Overclockers be ready for one more event on a worldwide scale. This time it is GALAX bringing it to you. GALAX maker of Nvidia based Graphic Card well known for its Hall of Fame series to most of you guys has announced The GALAX Overclocking Carnival 2016. 

GALAX has confirmed the dates, prizes and stage of the online worldwide qualification phase of the GOC 2016. The online qualification contest is the prelude to the GALAX GOC 2016 Grand Final which will take place in Wuhan, China in mid-December. The qualification phase is open to all overclockers and spans four stages, which include both 2D and 3D challenges.
*
Details about the event:*

*GALAX GOC 2016 WORLDWIDE QUALIFIER:
*The online qualifier is open to all HWBOT members and will be hosted on OC-ESPORTS from October 7th to November 6th 2016. The contest will involve the following stages:

*Contest Stages:
*
Stage 1: 3DMark Fire Strike Extreme
Stage 2: 3DMark Time Spy
Stage 3: 3DMark 11 Physics
Stage 4: Super Pi 32M
To enter the competition, simply submit your best benchmark scores on the contest page. The twelve contestants with the highest overall points will each win a ticket to the GALAX GOC 2016 Grand Final live event.

*Hardware Restrictions:
*
Only use LGA1151 CPUs
Only use 1x GALAX GeForce GTX 1060
Only use GALAX memory
Only results made on or after Oct 7, 2016 are accepted
CPU and cache frequency limited to 6003.00 MHz or less
*Note*: In case of an overall tie, 3DMark Time spy is the first tie-breaker followed by 3DMark11 Physics.

You can learn more details about the rules and restrictions here on the OC-ESPORTS contest page: OC eSport

*PRIZES:
*
Top 12 Win Ticket to the Grand Final in China
The overclockers with the highest scoring submissions will each be invited to compete in the Grand Final. All expenses including travel, accommodation will be paid for by GALAX.
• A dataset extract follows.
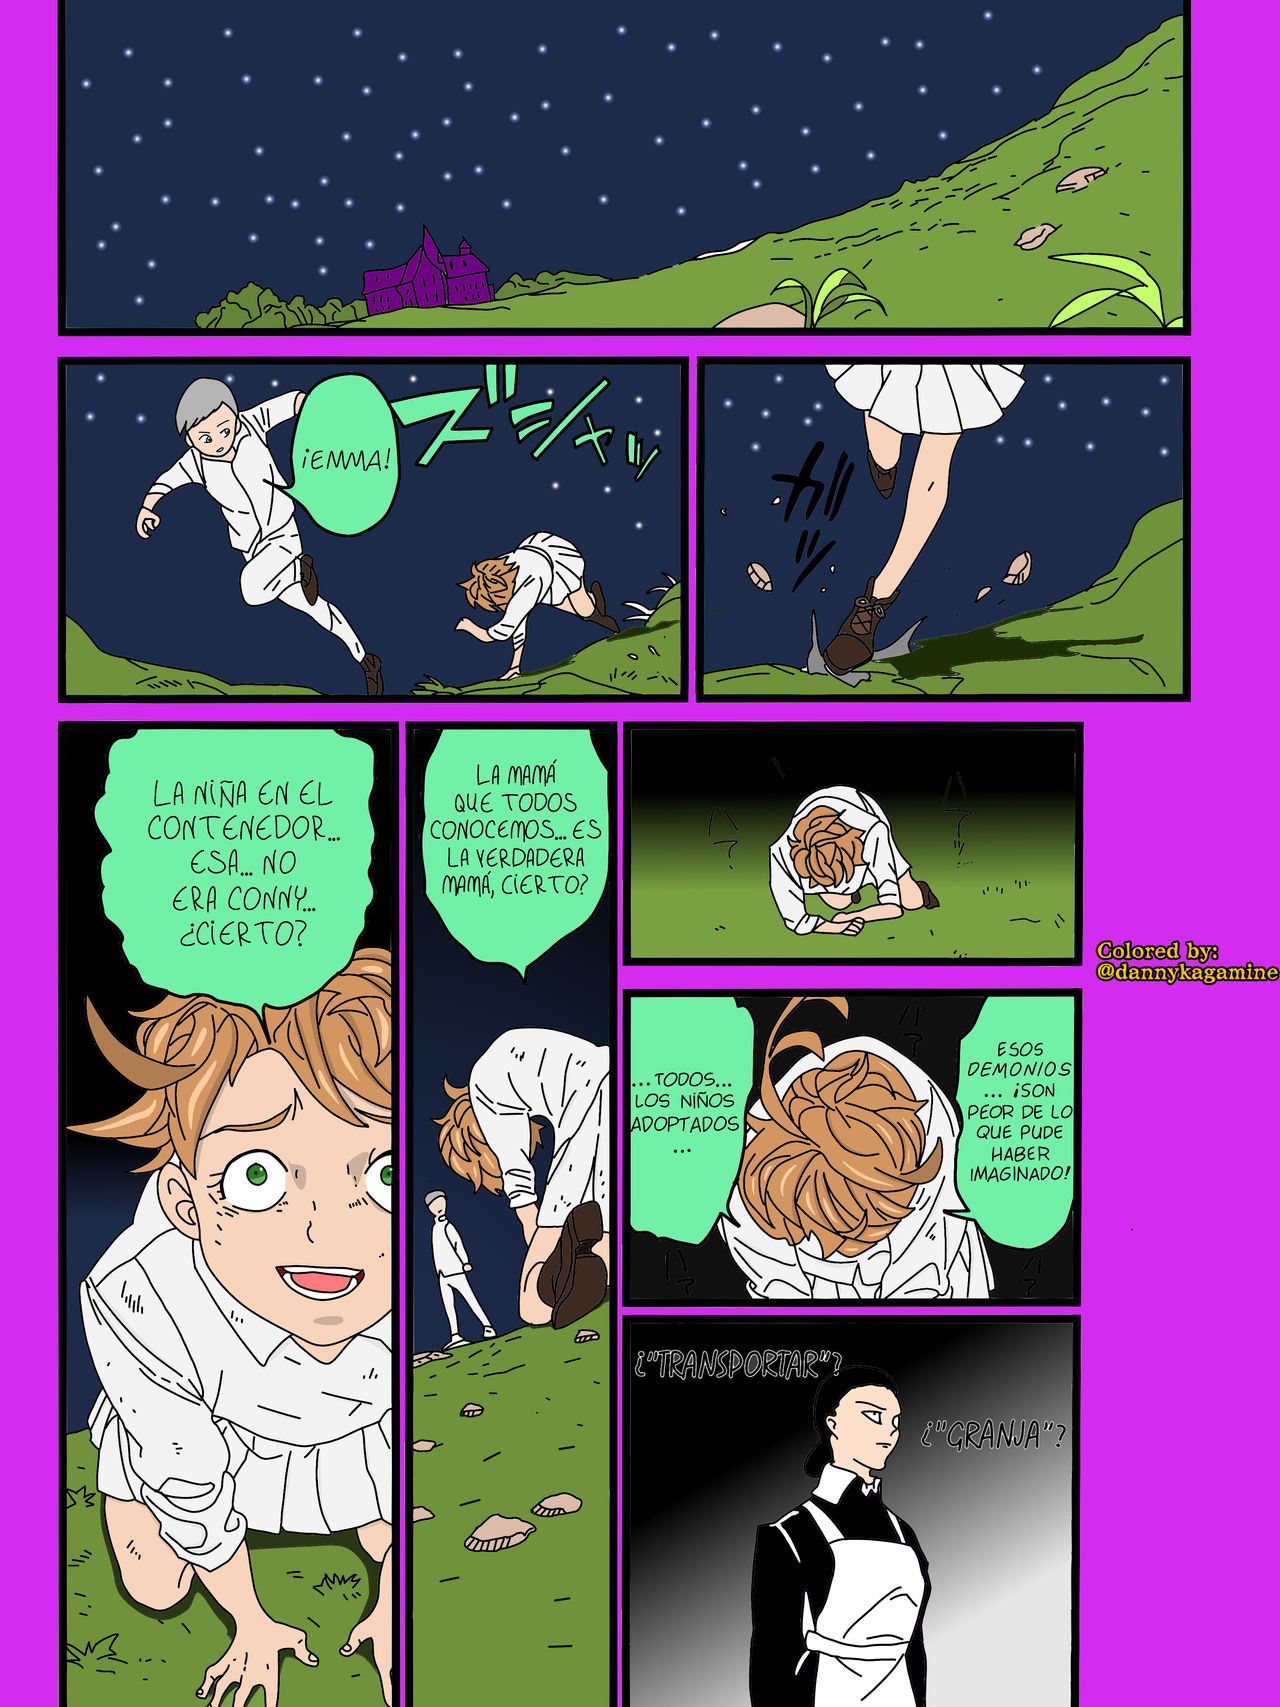 The Promised Neverland Emma Manga Colors Anime by Amanomoon on DeviantArt
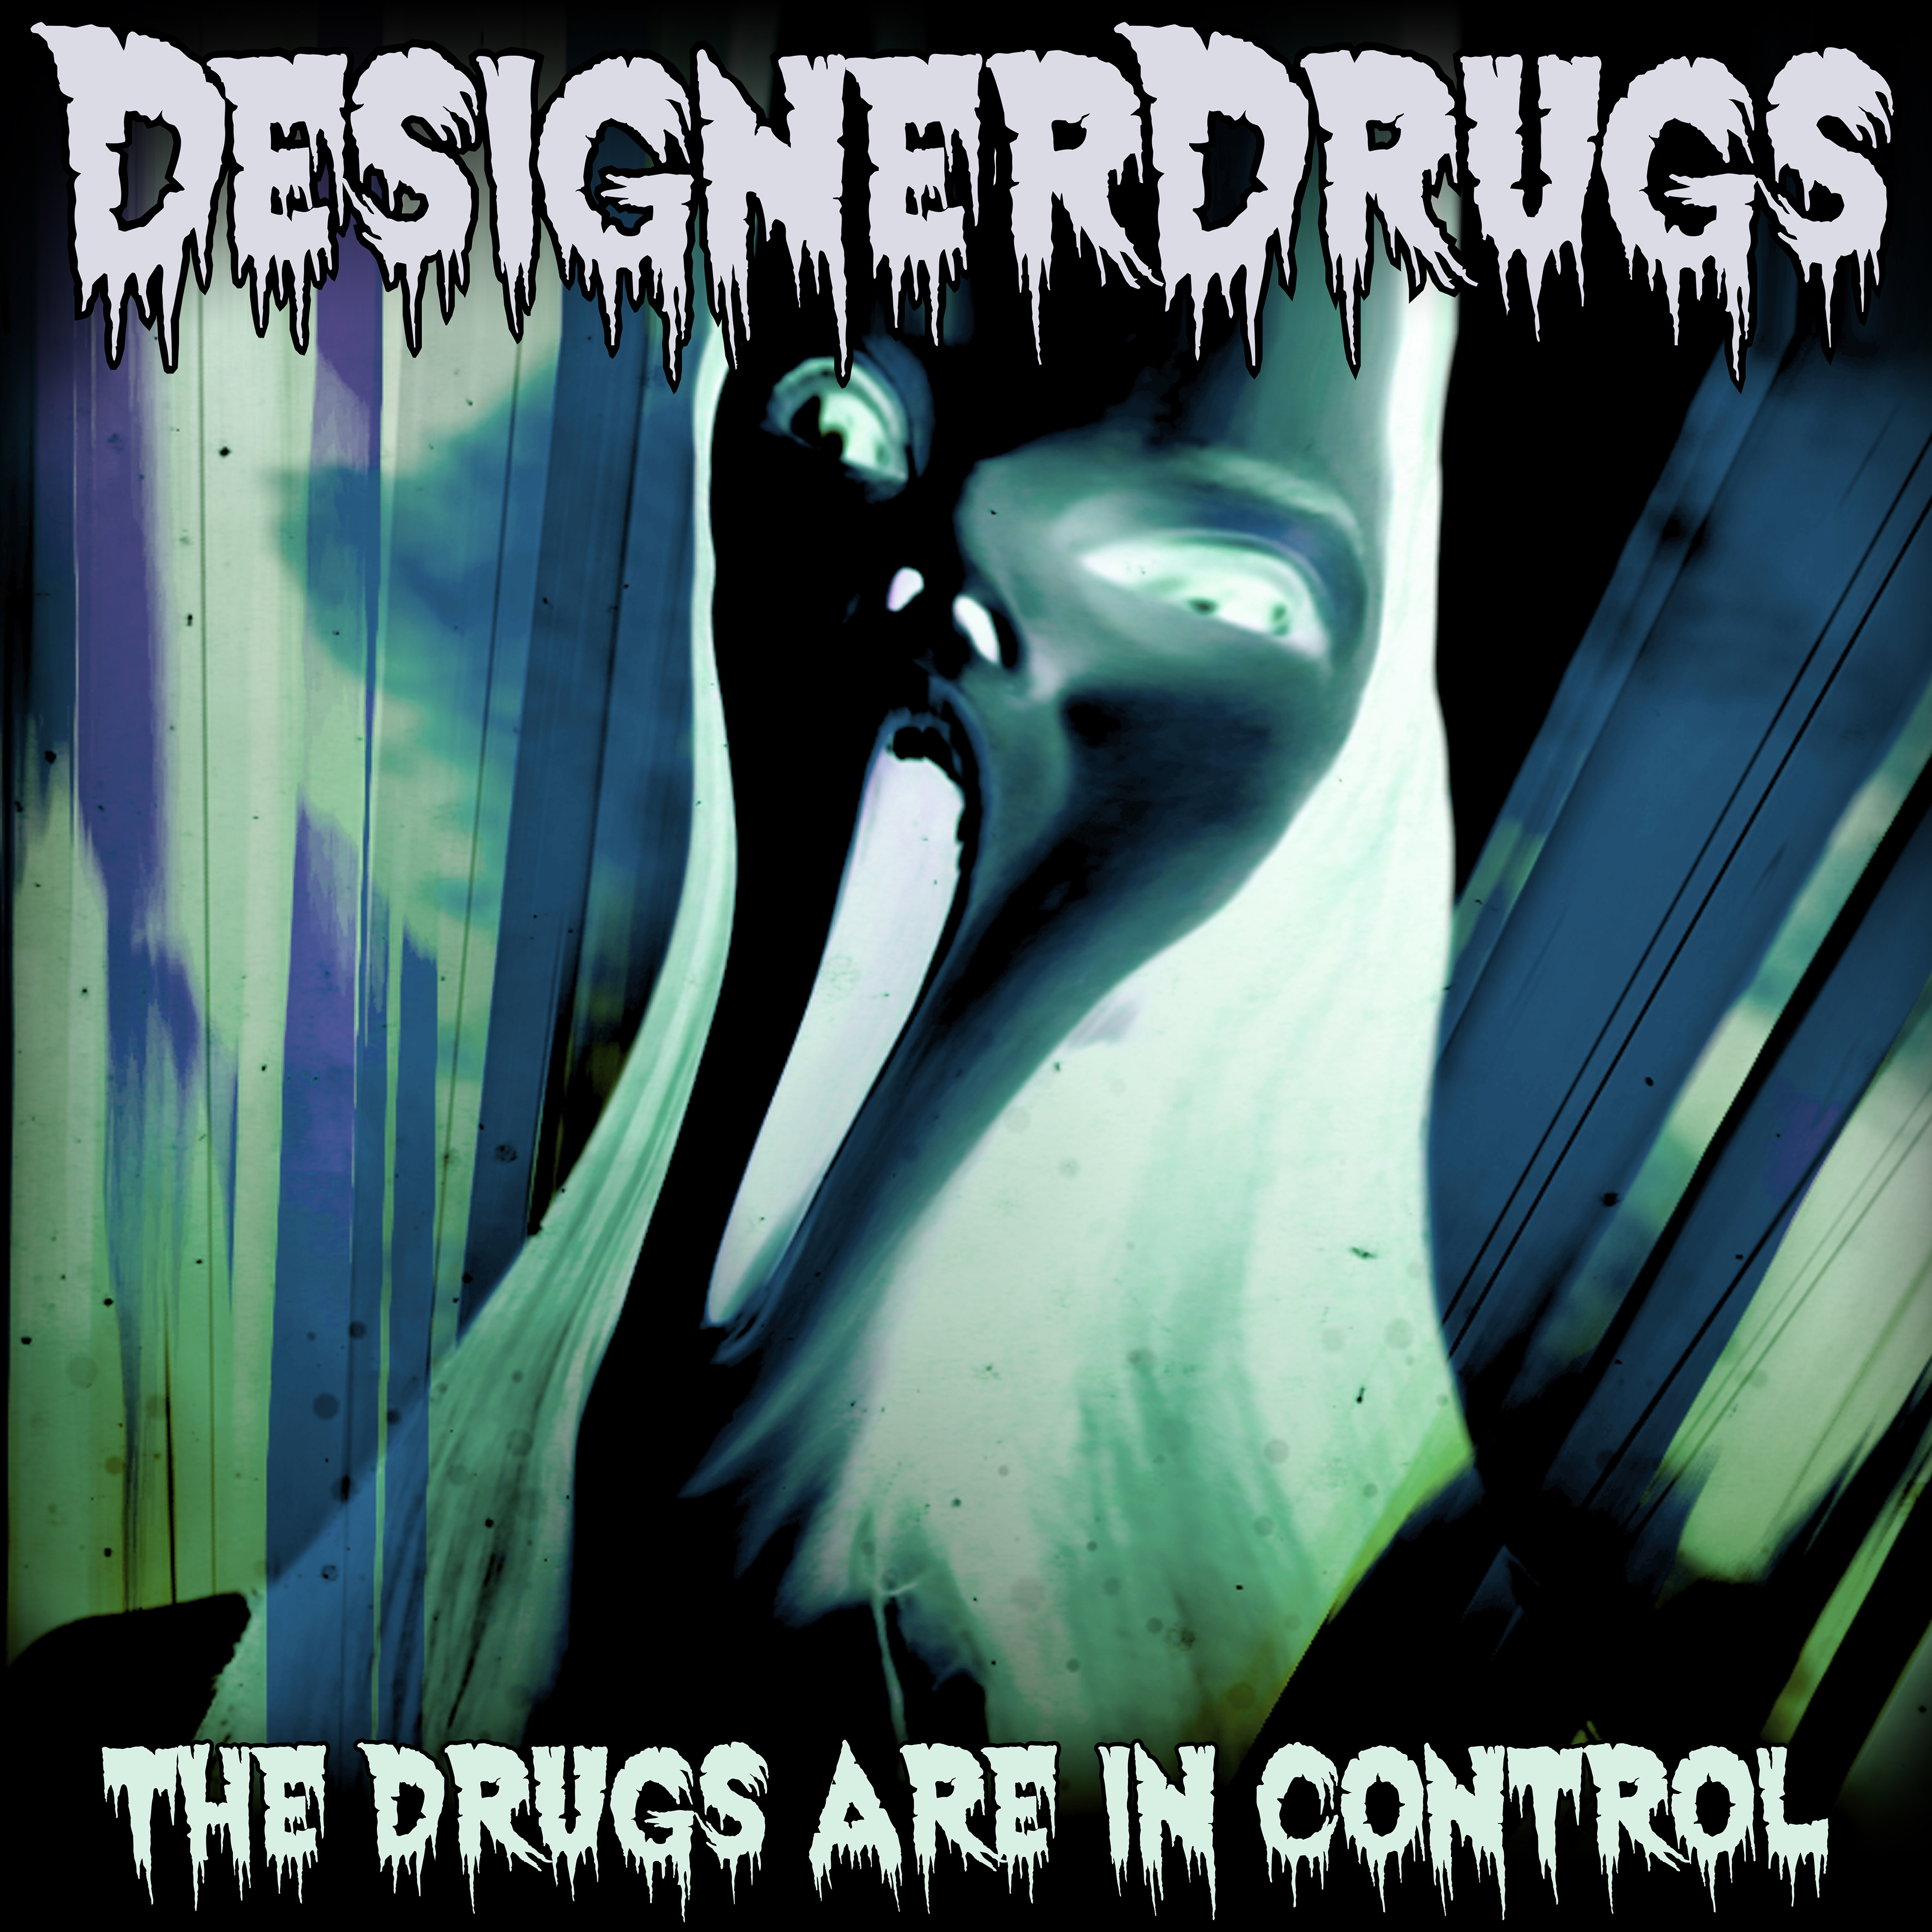 Designer Drugs Announce New Album “The Drugs Are In Control”

*Lucky Draw Giveaway Prizes
*The following lucky draw prizes will be on offer for all who compete in the contest without making it into the top 12. Prizes will be drawn after the contest ends. The prize draw is only open to overclockers who made a submission in all four stages. 


GALAX HoF GTX 1070
GALAX HoF DDR4 3600 2x 8GB
GALAX HoF Gamer SSD 512GB
GALAX HoF Black Edition Gaming Keyboard


----------